「農業を支える人たちの情報インフラ目指す」

2017年10月19日

マイナビ 執行役員
地域活性事業部 事業部長
池本 博則 氏

池本 博則 氏

 総合情報サイトを手掛けるマイナビ(本社:東京・千代田)が農業情報ビジネスへの取り組みをスタートした。8月に総合農業情報サイト「マイナビ農業」を開設。農業に従事する人や、これから就農したい人、流通業者、消費者といった関係者をつなぐ「寄合所」として、農業再生への貢献をめざす。サイト開設の狙いや今後の展開について、地域活性事業担当の池本博則執行役員に聞いた。

「いちばん大きな寄合所」になる

――マイナビというと、就活や転職情報サイトのイメージが強いですが、なぜ農業ビジネスに取り組むことにしたのですか。

 ご指摘の通り、当社の主力は人材ビジネスですが、ここ数年は地方創生や地域活性といった課題にも取り組んできました。少子高齢化やグローバル化が急速に進む中、国の活力を維持・拡大することが人材ビジネスの成長にもつながると考えたからです。

 その一環として、3年ほど前から厚生労働省や農林水産省から委託を受け、新規就農者の拡大や、就農後の定着を支援する事業を行ってきました。今年4月には農業ビジネスを専門に担う地域活性事業部を発足。具体的な事業の第1弾として立ち上げたのが、「マイナビ農業」です。

――「マイナビ農業」はどんなサイトを目指しているのでしょう。

 「いちばん大きな寄合所になりたい」をスローガンに掲げました。農業にかかわる人たちや、関連する情報が、日本で一番多く集まる場所にしたいという意味です。ここ数年、農業の世界に接して思ったのは、農業にかかわる人や組織は非常に多岐にわたり、それらをつなぐ情報インフラが整っていないのではないか、ということでした。これは非常にもったいないことです。

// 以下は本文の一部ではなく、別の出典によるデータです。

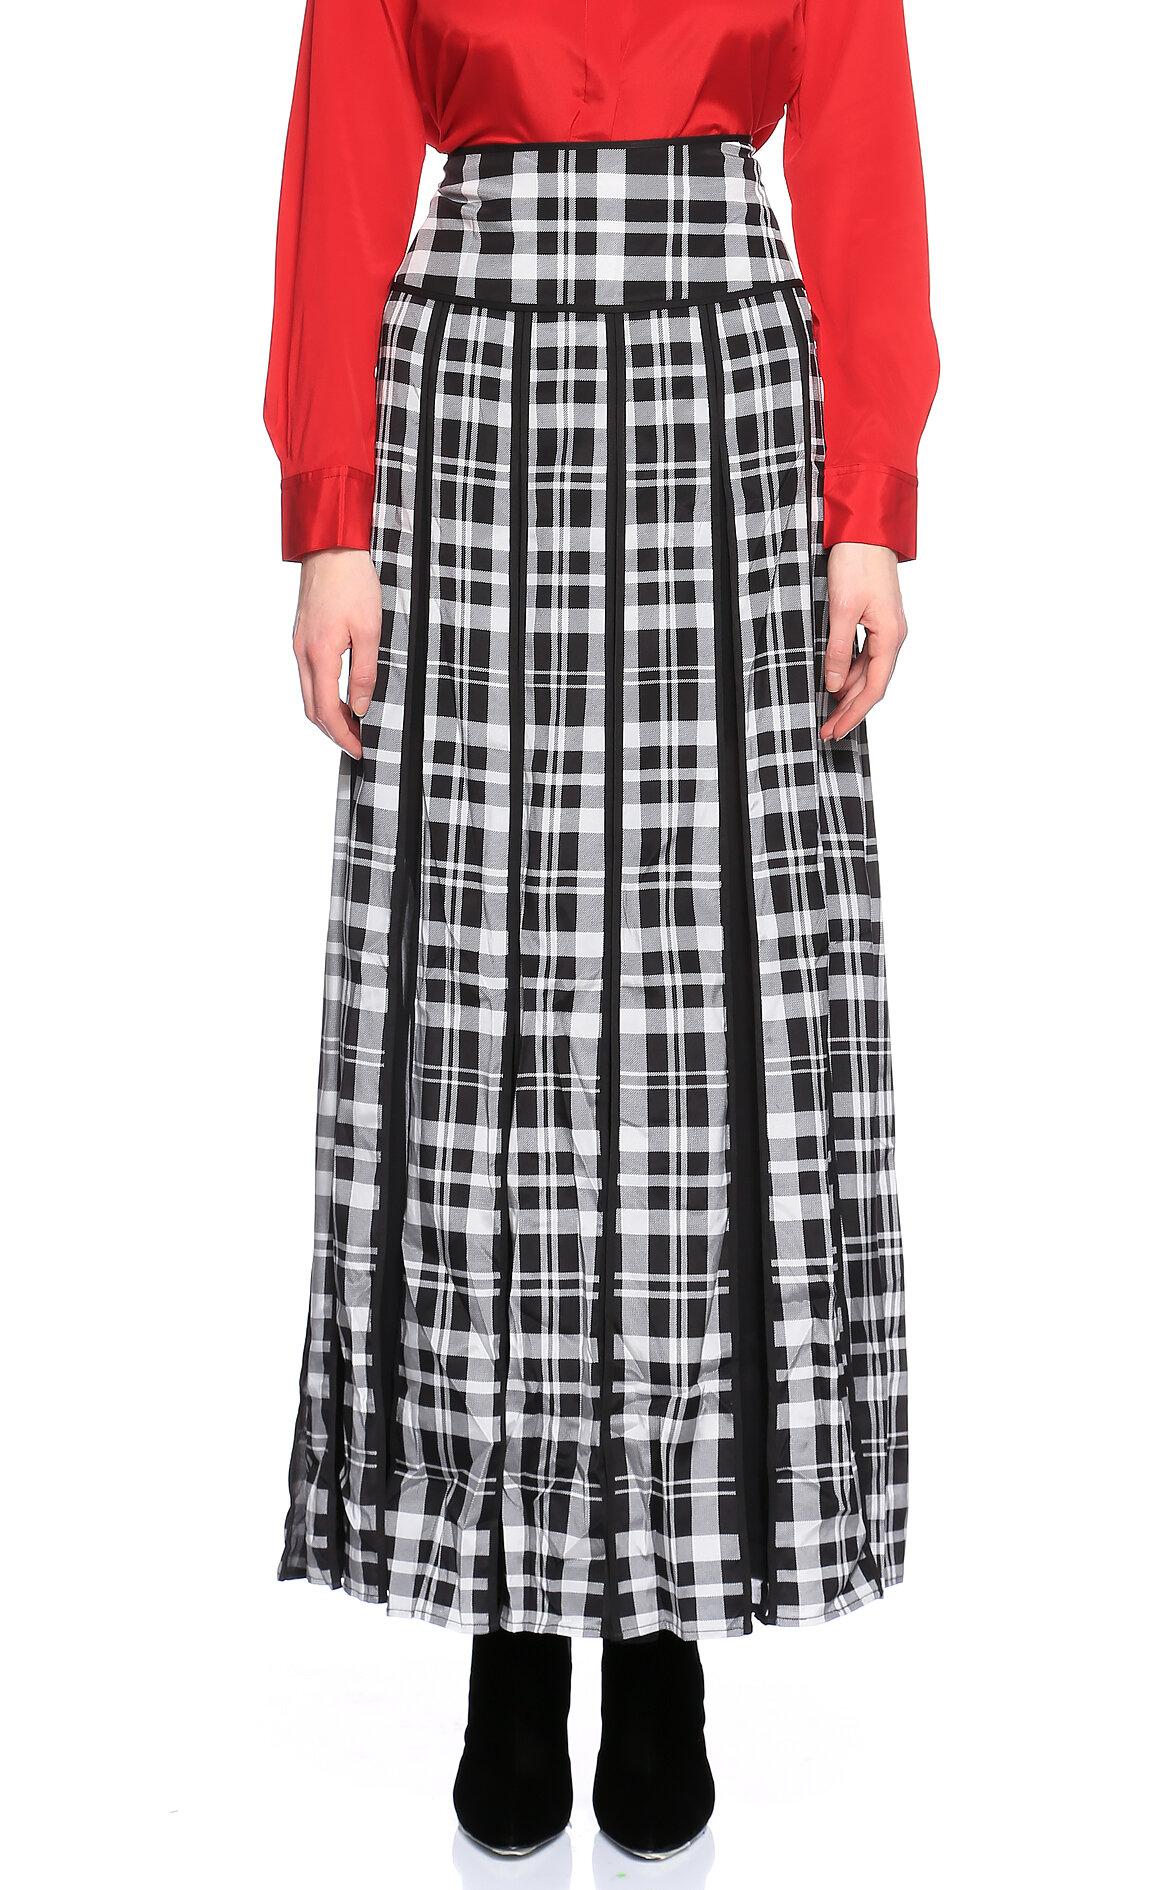 DKNY-DKNY Kareli Siyah-Beyaz Uzun Etek

 例えば、先進的な農法に取り組む人は増えています。同じように先進的な流通の仕組みを考えている人、さらに、そうした人たちと協力して地域を活性化させたいと考える自治体の首長の方々も大勢いらっしゃいます。マイナビ農業は、農業に関わる人たちの想いをマッチングし、新しい取り組みを生み出す場になればと考えています。

10年20年後の道しるべに

――具体的にはどんな情報を載せているのですか。

 農業にかかわる各種ニュースを網羅しています。また、農家や流通、消費者の方々の生の声を積極的に取り上げていきます。これは私たち自身の知見を増やしていくためでもあります。私たちは農作業や技術などに関しては素人。皆様から教えていただく立場です。そのかわり、情報の取り扱いについてはプロです。読み応えのある記事を発信していくと同時に、新たなビジネスにつなげる仕掛けづくりにも知恵を絞りたい。農業に携わる人にとって、なくてはならないインフラのような存在になることが目標です。

――あらためて、日本の農業の課題について、どうお考えですか。

 ある農業関係者の方のお話が印象に残っています。「もう5年後には辞めるよ、と言いながら、10年後も続けている農家が多いんです」と。国の保護政策があり、農協があり、考えなくてもいい環境がありました。これは悪いことばかりではなく、こうした仕組みがあったからこそ、日本の農業は発展してきたわけです。

 しかし、農家の高齢化は一段と進み、新たな担い手の育成が急務です。ただ、新規に就農しようとする人たちが農業について調べようと思っても、誰に聞けばよいのかわからない。すでに農業に携わっている方々であっても、新しい情報に接する機会は少ないのが実情です。未来の農業を支えていく人たちが想いを寄せ合い、10年20年後のよりよい姿や道しるべを示すことができればいいなと思っています。


池本 博則(いけもと ひろのり)氏

2003年、毎日コミュニケーションズ(現:マイナビ)に入社。2016年、執行役員 地域活性事業部 事業部長に就任。2017年8月には総合農業情報サイト『マイナビ農業』を立ち上げた。